Does $a^n \mid b^n$ imply $a\mid b$?
If you can assume the fundamental theorem of arithmetic (that each integer has a unique factorization in prime numbers), you can write: $$ \begin{align*} a &= p_1^{e_1} p_2^{e_2} \ldots p_r^{e_r} \\ b &= q_1^{d_1} q_2^{d_2} \ldots q_s^{d_s} \end{align*} $$ Here the $p_i$, $q_i$ are primes, and $e_i$ and $d_i$ are all greater than 0. If $a^n \mid b^n$, then $p_i^{n e_i}$ must have a counterpart in a $q_j^{n d_j}$, in that $p_i = q_j$ and $n e_i \le n d_j$, so it must then also be that $e_i \le d_j$; and this means $a \mid b$.
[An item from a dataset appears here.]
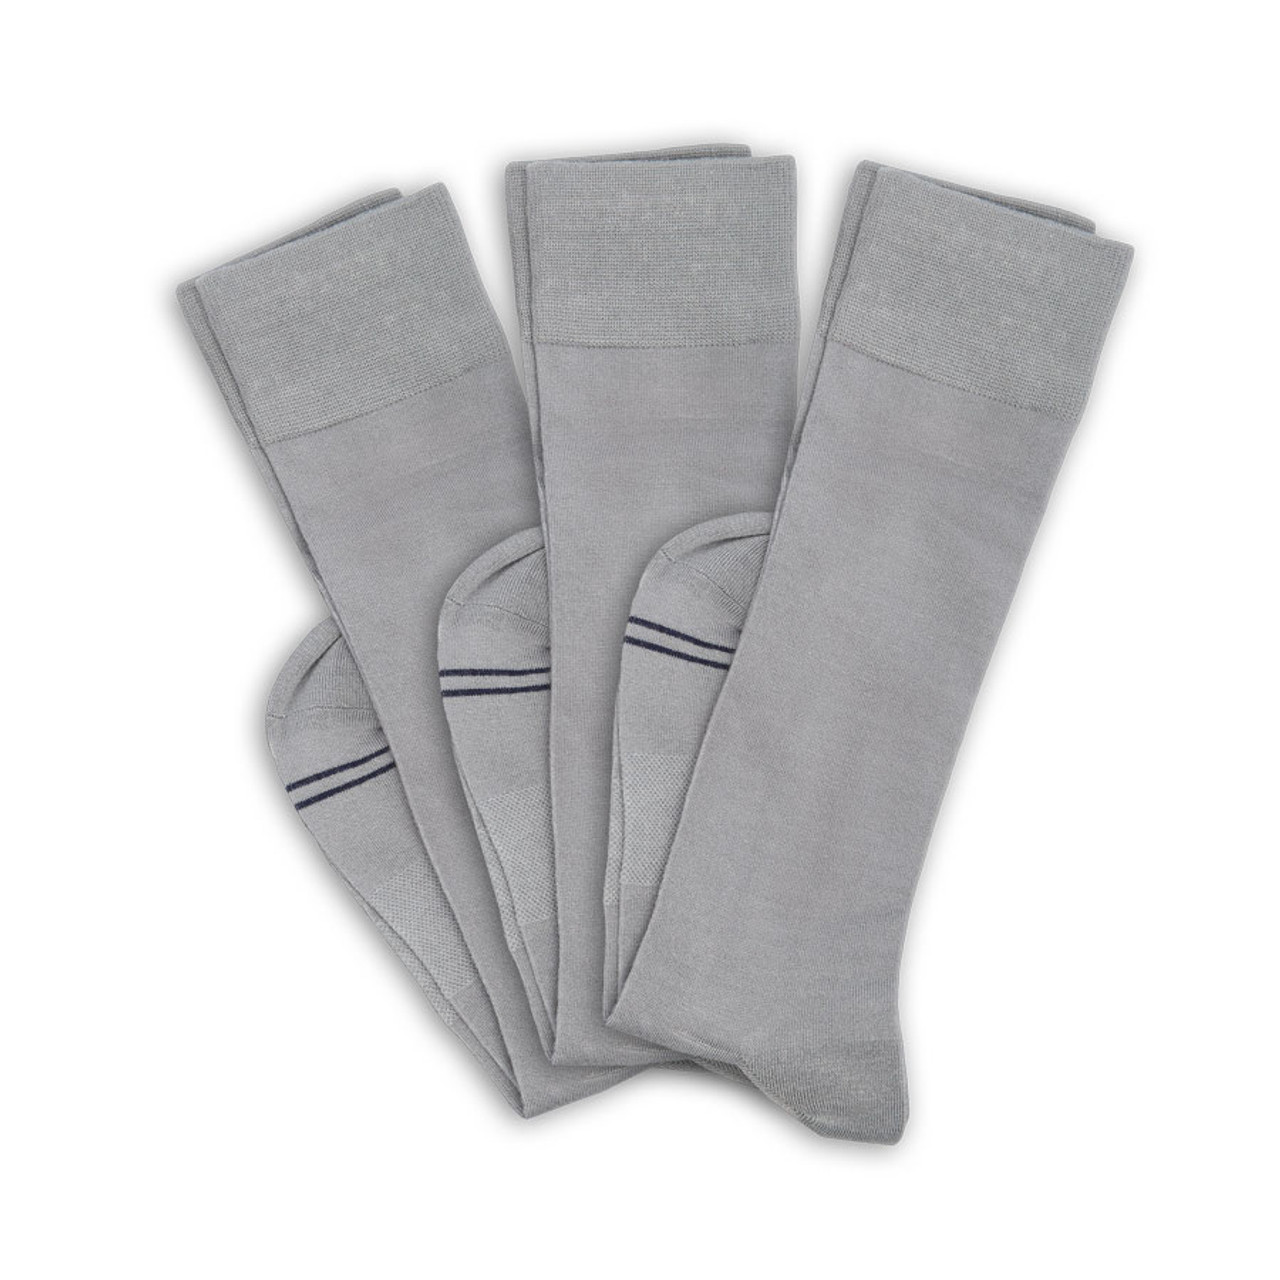 Ankle Socks No. 3 (Grey)

Hint $\ $ Either examine exponents in unique prime factorizations, or, by the Rational Root Test, the reduced rational root $\rm\:x = b/a\:$ of $\rm\:x^n = c\in\Bbb Z\:$ must be integral, so $\rm\:b/a\in\Bbb Z\:\Rightarrow\:a\mid b.$
Hint: $p$ is a prime factor of $k$ if and only if $p^n$ is a factor of $k^n$. This holds for any prime $p$, integer $k$, and positive integer $n$.